— REQUIREMENT —
Copy word for word the lines of the records below, beginning at the one with "VENDE O PERMUTA" and finishing at the one with "Weston Super Mare beach - Stock Image", ends included, but none of the pictures.

— EXERCISE MATERIALS —

■ ■ ■

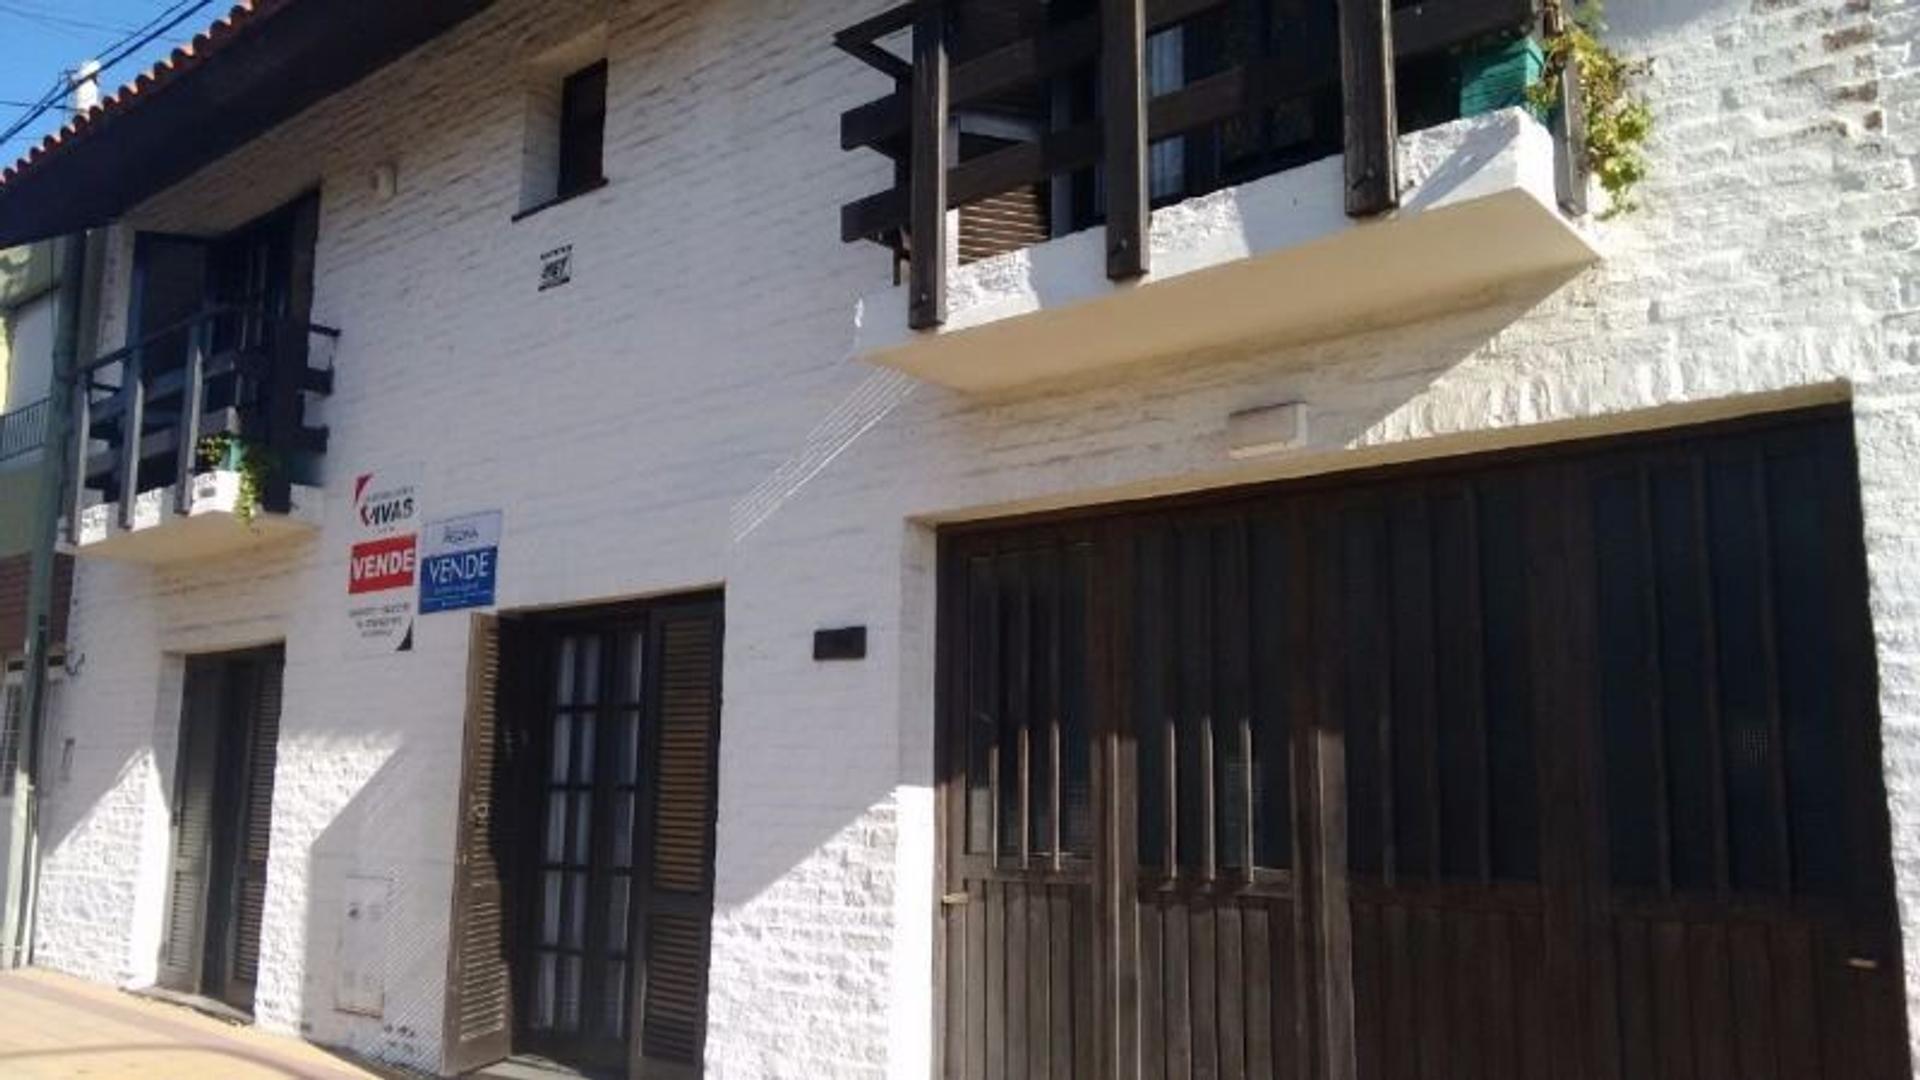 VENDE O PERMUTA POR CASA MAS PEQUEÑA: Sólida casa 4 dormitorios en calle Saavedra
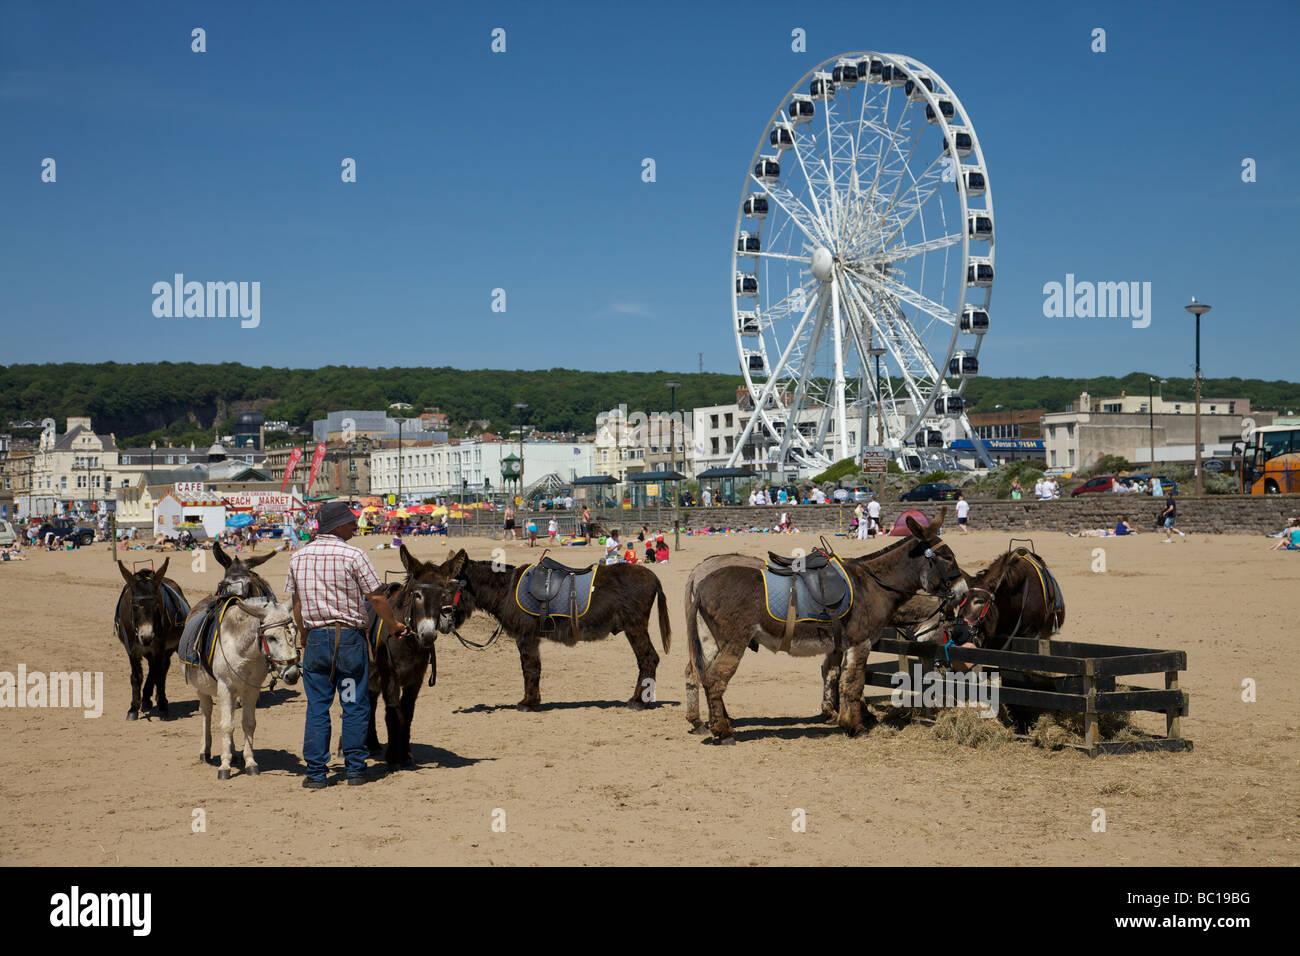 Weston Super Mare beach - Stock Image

■ ■ ■

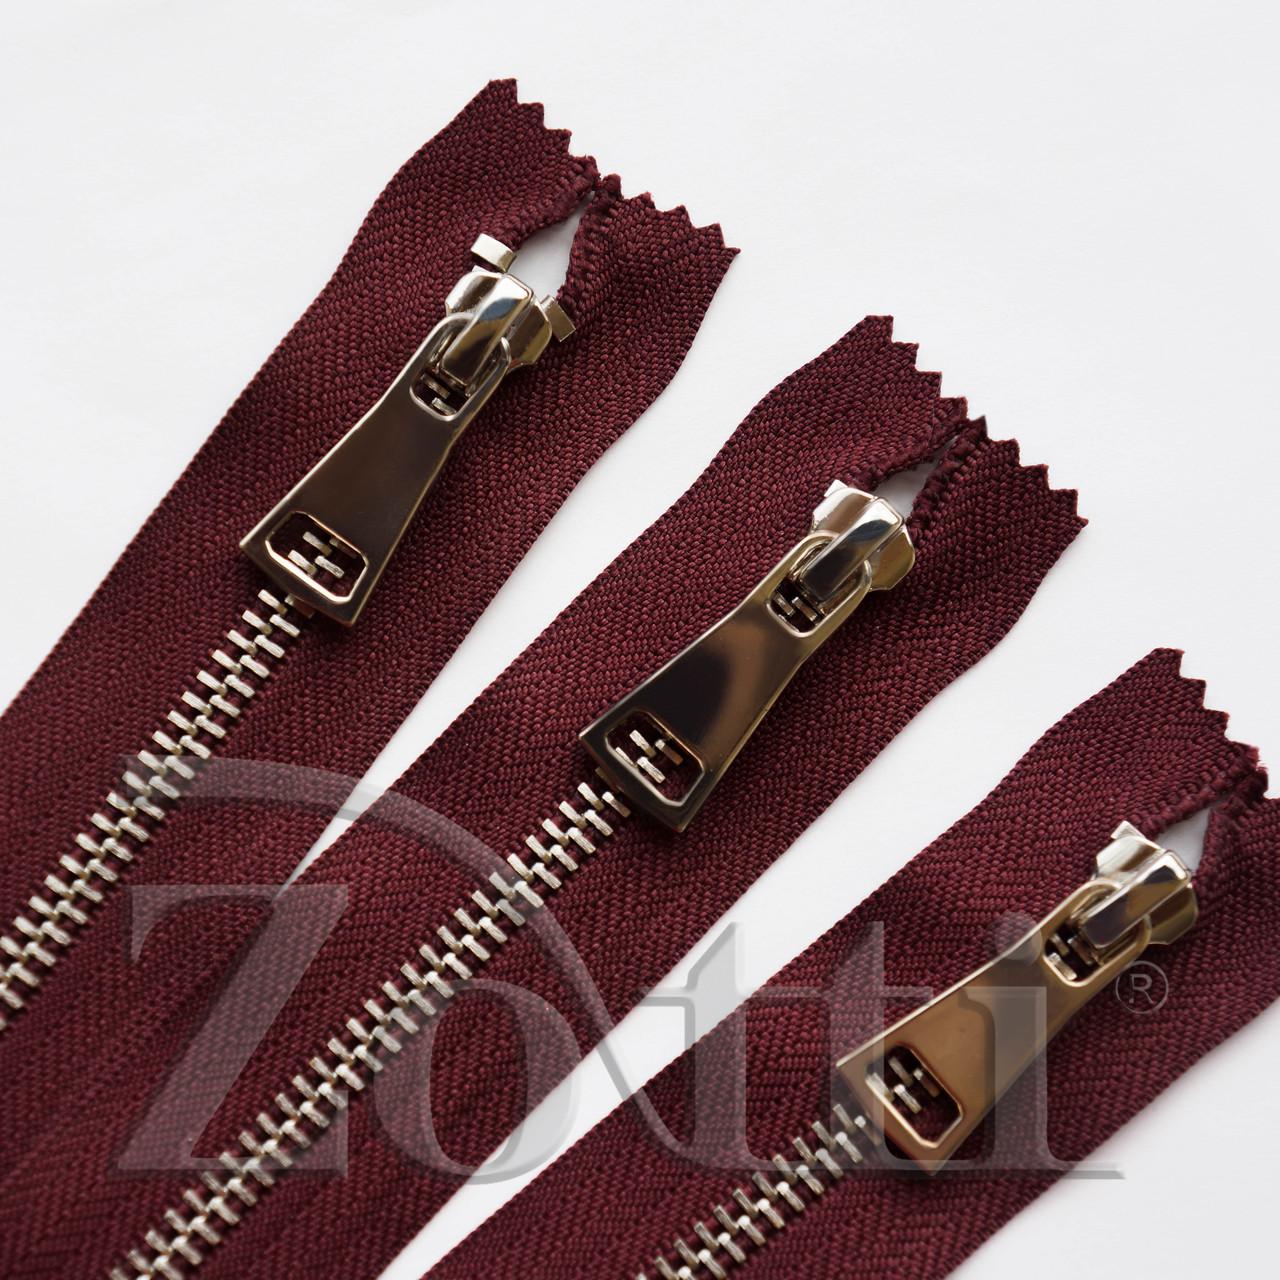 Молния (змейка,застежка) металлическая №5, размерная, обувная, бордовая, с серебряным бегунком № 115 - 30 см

■ ■ ■

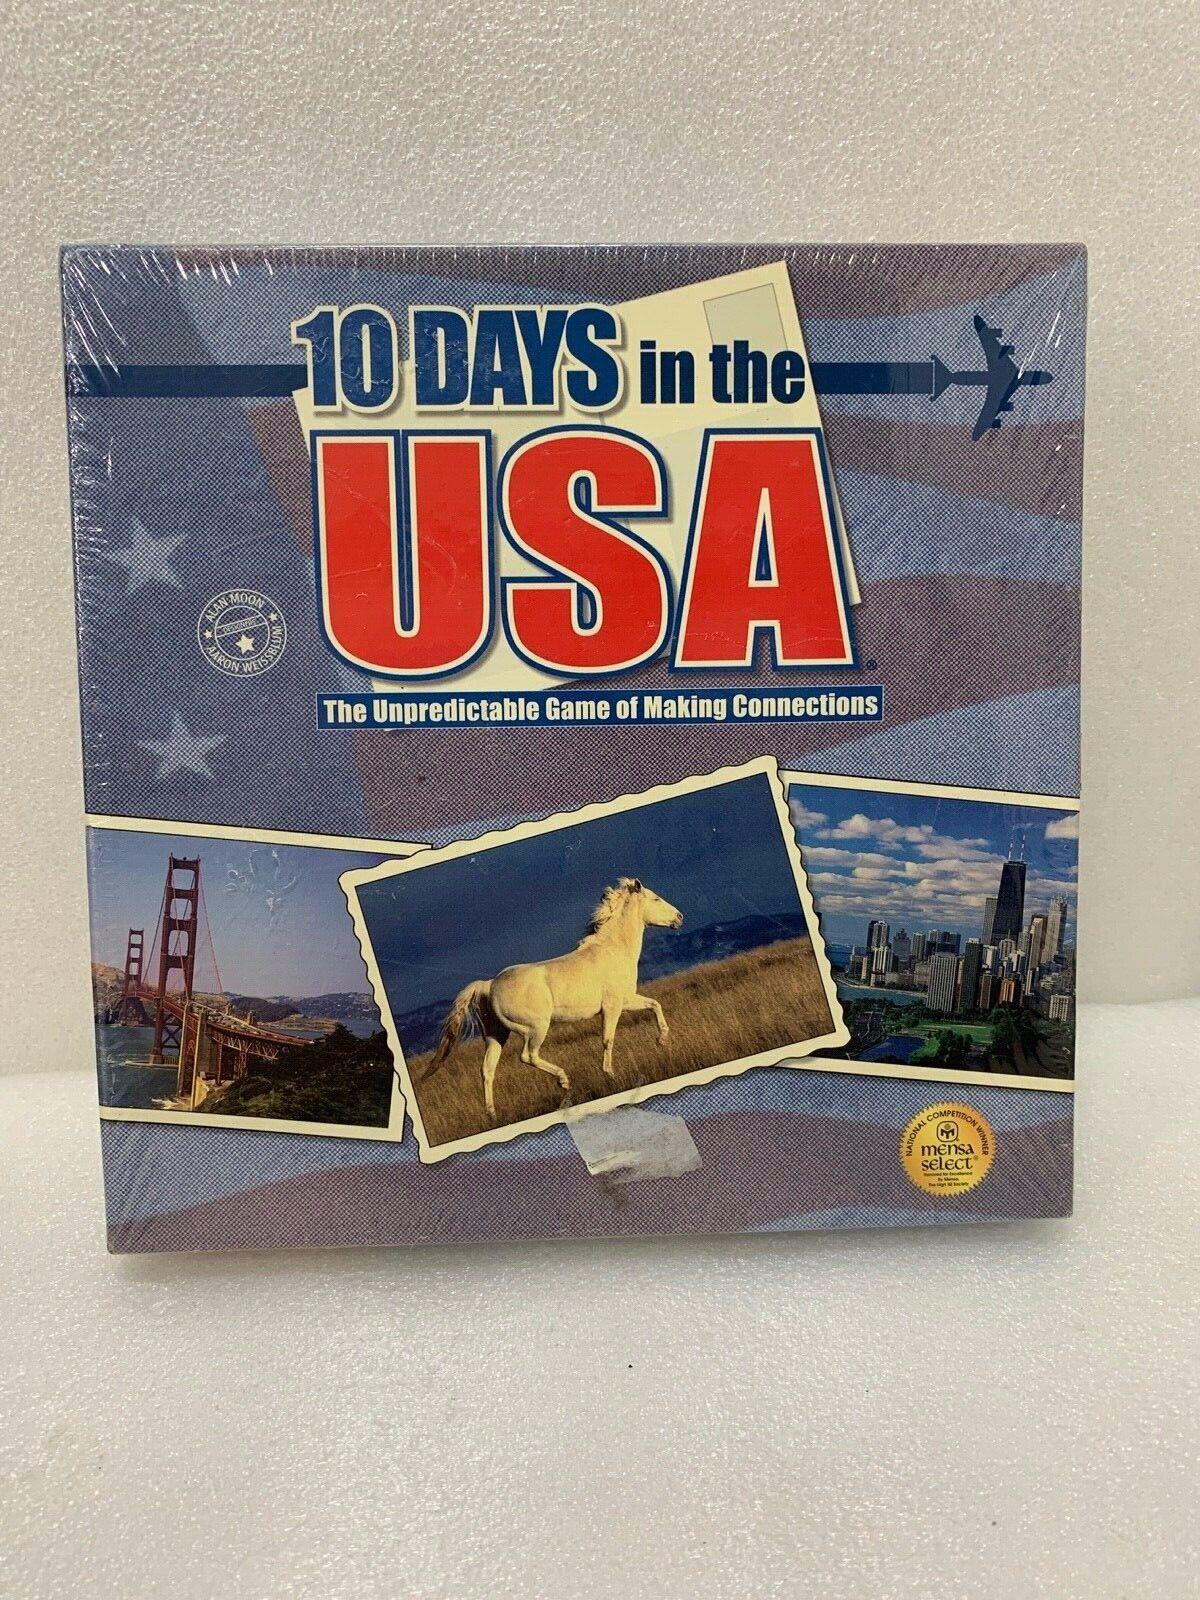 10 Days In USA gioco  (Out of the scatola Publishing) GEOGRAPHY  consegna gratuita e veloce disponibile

■ ■ ■

— RESULT OF THE EXERCISE —
 VENDE O PERMUTA POR CASA MAS PEQUEÑA: Sólida casa 4 dormitorios en calle Saavedra
 Weston Super Mare beach - Stock Image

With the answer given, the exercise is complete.